Patient and clinical tissue sample selection

All pathologic specimens enrolled in this study were collected from the Seoul National University Hospital biorepository operated by the Department of Pathology. The inclusion criteria were: (1) female patients who received chemotherapeutic medication with doxorubicin, cyclophosphamide, and docetaxel as preoperative therapy38; (2) biopsy samples available per-chemotherapeutic needle and post-chemotherapeutic surgical specimens for microscopic assessment of therapeutic effectiveness by the American Joint Committee on Cancer TNM39; (3) histologically confirmed T2 tumors with positive axillary nodes (N1); and (4) available immunohistochemical information for intrinsic subtyping. Tissue samples for immunohistochemical validation were divided into the following two sets: a discovery set consisting of a total of 38 needle biopsy samples collected from patients with non-pathologic and pathologic complete response (19 patients each).

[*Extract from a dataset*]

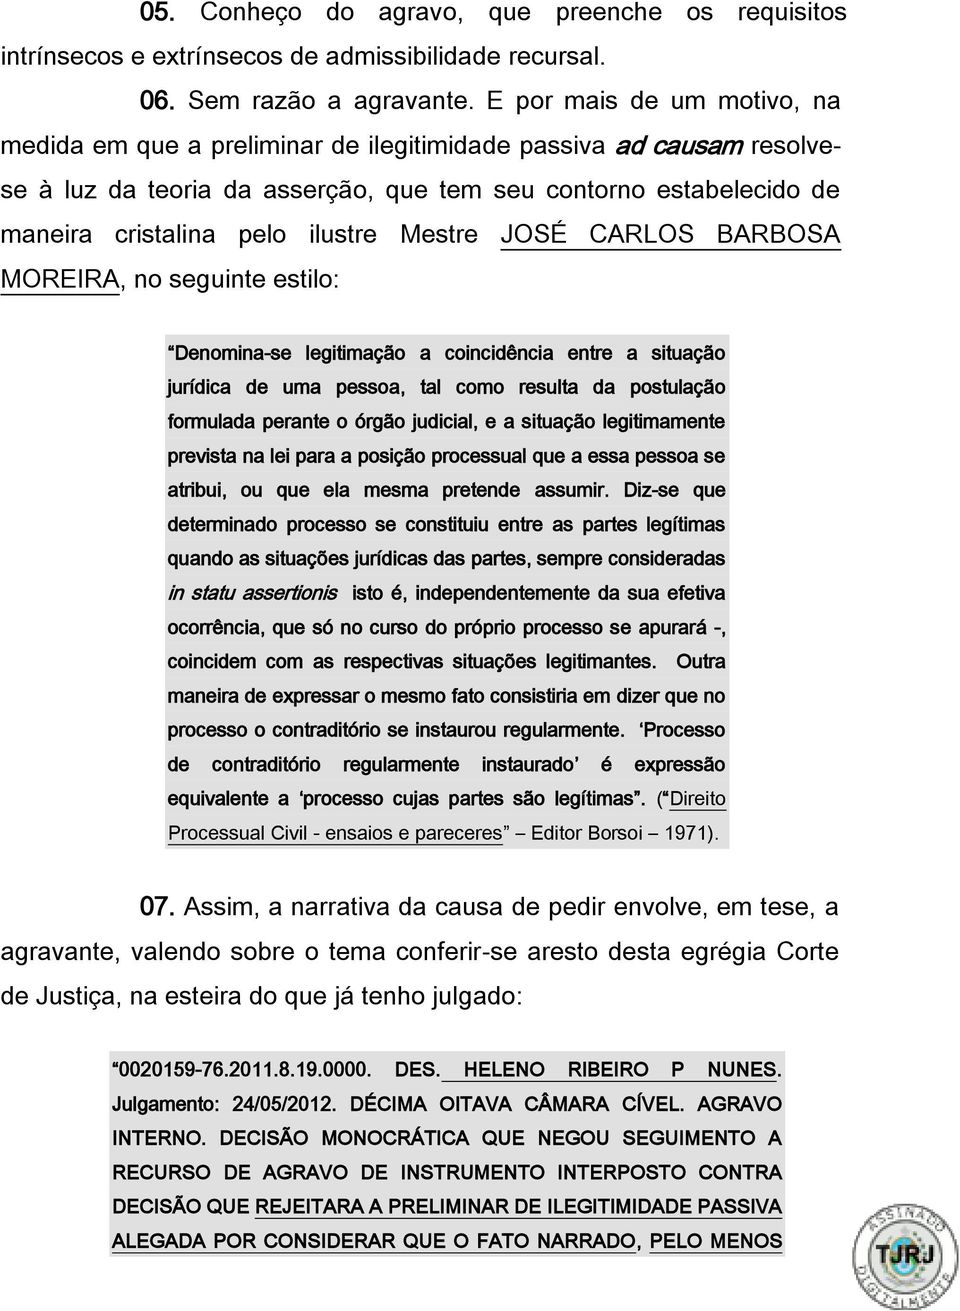 Mestre JOSÉ CARLOS BARBOSA MOREIRA, no seguinte estilo: Denomina-se legitimação a coincidência entre a situação jurídica de uma pessoa, tal como resulta da postulação formulada perante o órgão
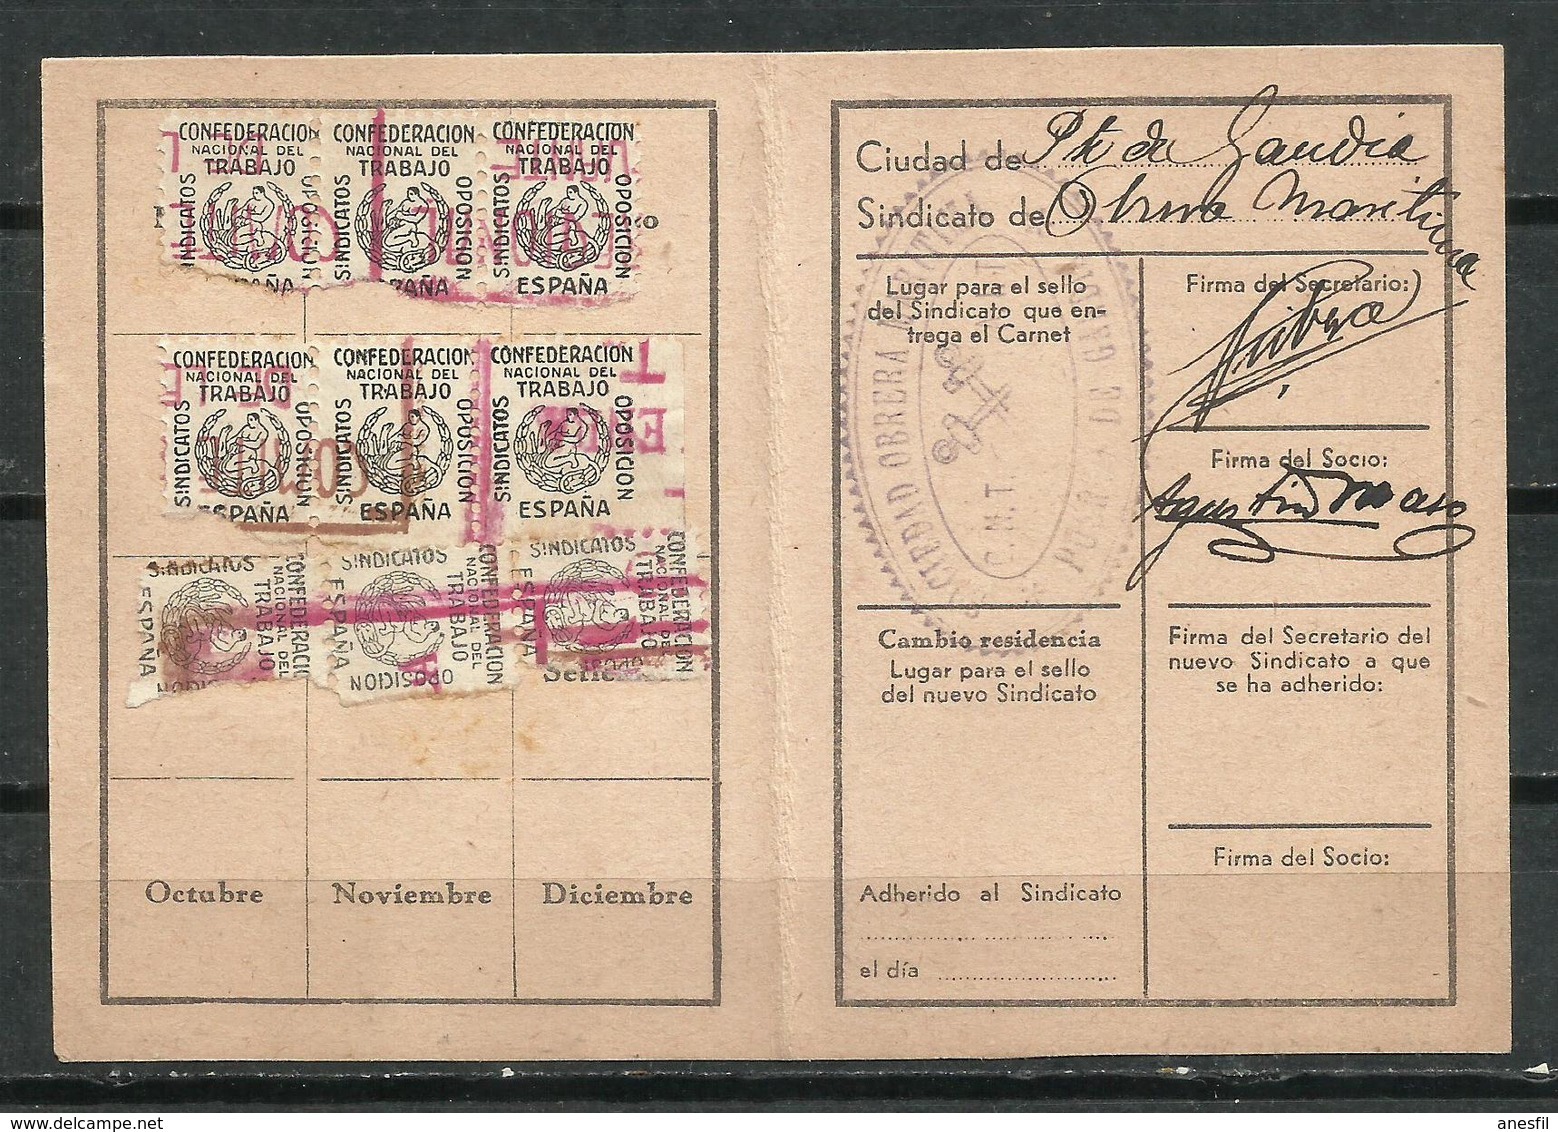 España. 1935. Carta Confederal De La CNT. (Confederación Nacional De Trabajo) - Documentos Históricos

Survival analysis with public data

The associations between CD147 and CD276, and DFS and OS in HER2+ human BC and TNBC were analyzed using the METABRIC and GSE19615 (RNA‐Seq data: Gene Expression Omnibus) databases. Survival analysis was performed separately in the HER2+ BC and TNBC dataset based on chemotherapy. The DFS and OS of patients with BC in METABRIC and gene set enrichment datasets were analyzed through Cancer Target Gene Screening (http://ctgs.biohackers.net)40. A publicly available dataset from human breast cancer patients, METABRIC, was downloaded from cBioPortal (http://www.cbioportal.org/) and re-analyzed to investigate correlations and survival analyses.

Immunohistochemistry

Immunohistochemical staining was performed in formalin-fixed paraffin-embedded samples from 38 cases of HER2+ human BC obtained through needle biopsy prior to chemotherapy. The blocks were sectioned (thickness: 3 μm), and standard immunohistochemistry procedures for the slides prepared by fixation in 10% neutral buffered formalin solution or 95% ethanol were performed using a BenchMark automatic immunostaining device (Ventana BenchMark XT Staining System, Tucson, AZ, USA). Slides were incubated with anti-CD147 (GTX20666; GeneTex; dilution 1:75) and anti-CD276 (AF1027; R&D Systems; dilution 1:2,000). The immunohistochemical interpretation was evaluated by a semi-quantitative approach using an “H-score”41 in blind and independent manner by two pathologists (HSR and MSJ).

Statistical analysis

All statistical analyses were performed using GraphPad Prism 8 (GraphPad, San Diego, CA, USA). Results are presented as the means ± standard error of the means. Differences between two groups were assessed by the Student t-test. The error bars represent ± standard deviation of the experiments. We filtered candidate proteins for immunohistochemical validation using the Mann–Whitney U test to obtain variables showing significant differences between the two groups.